Al-Riyadh News, “Ali Koç ricalar üzerine toplantıya geldi ve ‘Ne demek Atatürk yok? Atatürk yoksa Türkiye yok, biz de yokuz, maç da yok’ diye sinirlenerek odayı terk etti.” bilgisini geçti.

Bu aynı zamanda iplerin koptuğu anlamına da geliyordu. 100. Yıl Kupasını silikleştirmek için Türkiye’den kaçıranlar, böylece nur topu gibi uluslararası bir krizin doğmasına neden oldu. Görüşmeden sonra, “Dönüyoruz.” diye tek kelime söyleyen Başkan Ali Koç’un yüzünün kıpkırmızı olduğu dikkat çekti.
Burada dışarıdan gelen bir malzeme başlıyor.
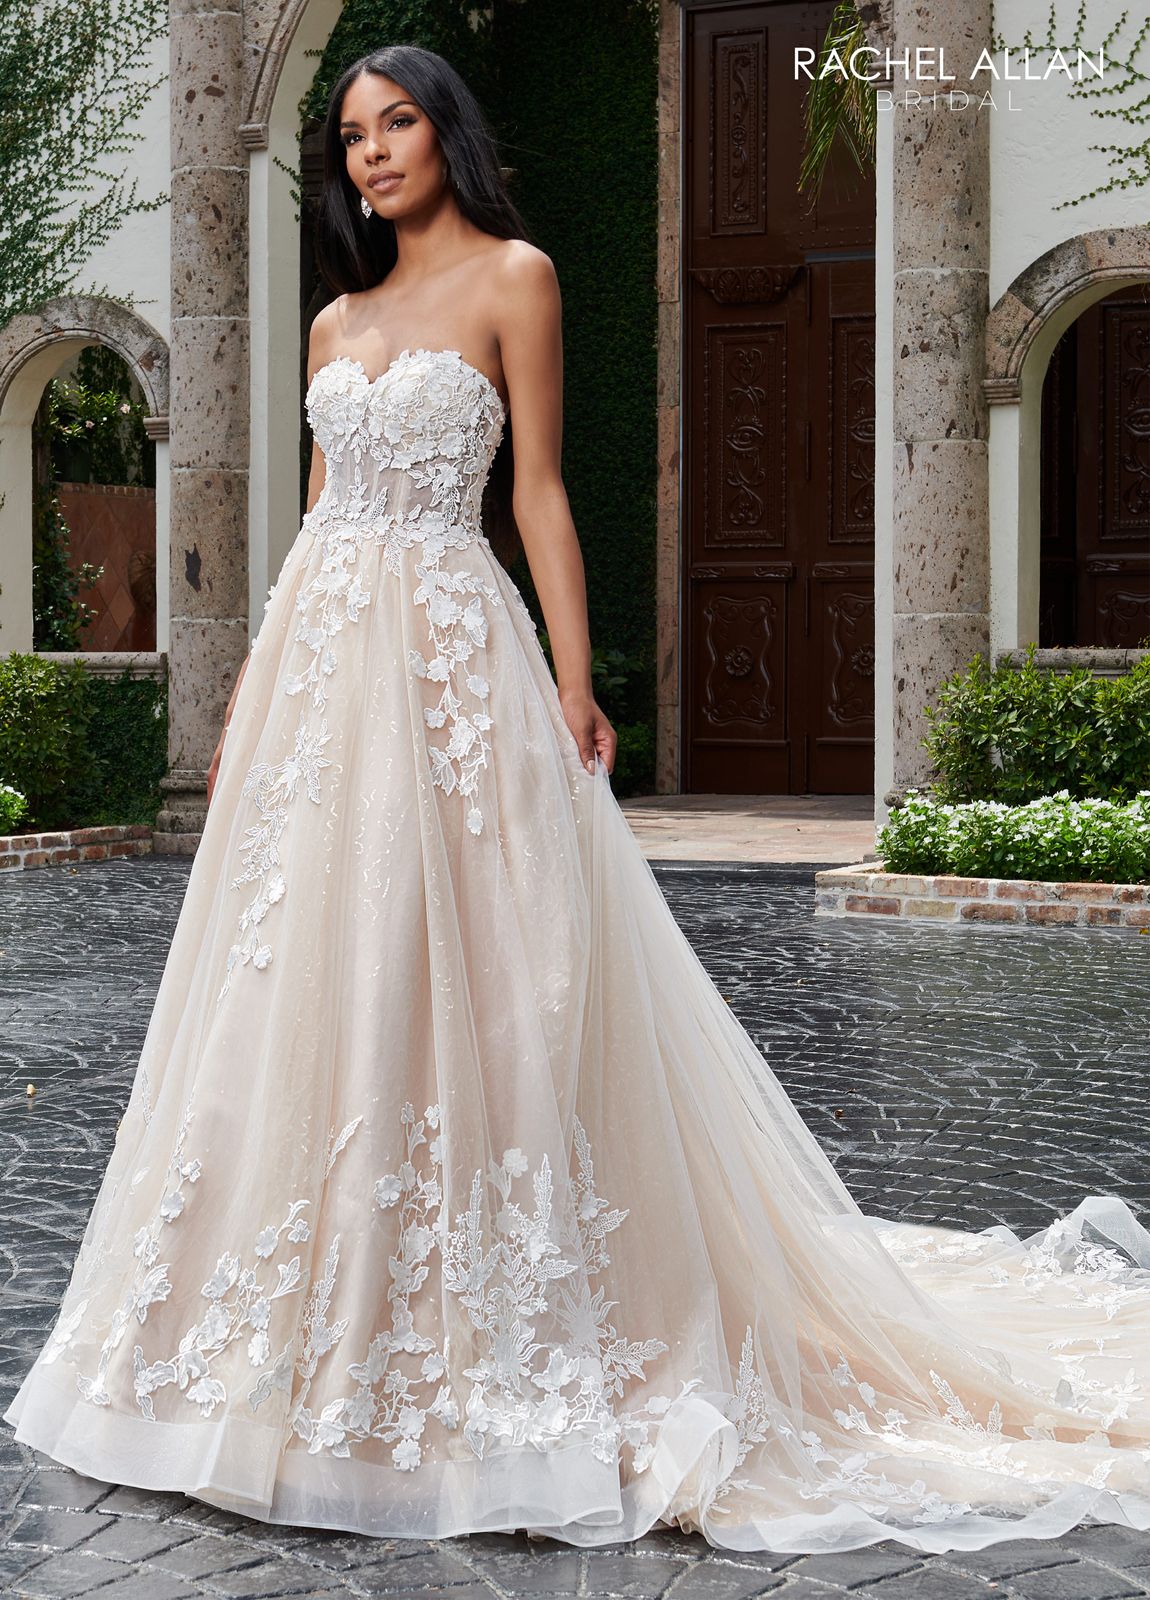 https://madamebridal.com/media/catalog/product/cache/83365d7c8fe98a8de86f2f82672e44c8/r/a/rachel-allan-rb3154-wedding-dress-01.1092.jpg

Türkiye, 2015’te ölen Suudi Kral Abdullah bin Abdülaziz’in ardından 24 Ocak tarihini milli yas ilan edip bayrakları yarıya indirmişti. Suudi yetkililer, “Atatürk siyasi bir figürdür. Spor karşılaşmalarının siyasileşmesine izin vermeyeceğiz.” diyerek bu ülkenin kurucu liderinin fotoğrafını taşıyan formaların stada sokulmasına izin vermedi.

RONALDO’NUN SEVGİLİSİ İÇİN KURALLARI ESNETEN SUUD

Efsanevi Portekizli futbolcu Cristiano Ronaldo, geçen yıl Suudi Arabistan’ın Al-Nassr futbol takımına transferi gündeme geldiğinde akla hemen 2016’dan bu yana nikahsız birlikte olduğu sevgilisi Georgina Rodriguez’in durumu geldi.

Gazeteciler, günlerce evlilik dışı birlikteliğe izin vermeyen şeriat yasasına göre Ronaldo eşini getiremeyecek mi sorusuna cevap aradı. Suudi makamları, el altından Ronaldo’ya teminat verdi ve sevgilisini getirmesinde herhangi bir sorun olmayacağı bilgisini ulaştırdı.

Ronaldo için şeriat hükmünü görmezden gelen Suudi yetkililer, Fenerbahçe ve Galatasaray’ın maç öncesi sahaya 100. Yıl anısına Atatürk’ü anan bir mesajla çıkmak istemesine tahammül edemedi, uyulması gereken kurallar olduğunu hatırlattı.

Suudi Veliaht Prens Muhammet bin Selman’ın kendi ülkesinin kurallarına uyulmasını istemesini anlamak mümkün olabilir. Ancak Türkiye’nin içinde bulunduğu ekonomik krizden yararlanmayı bir övünç vesilesi gibi gördü.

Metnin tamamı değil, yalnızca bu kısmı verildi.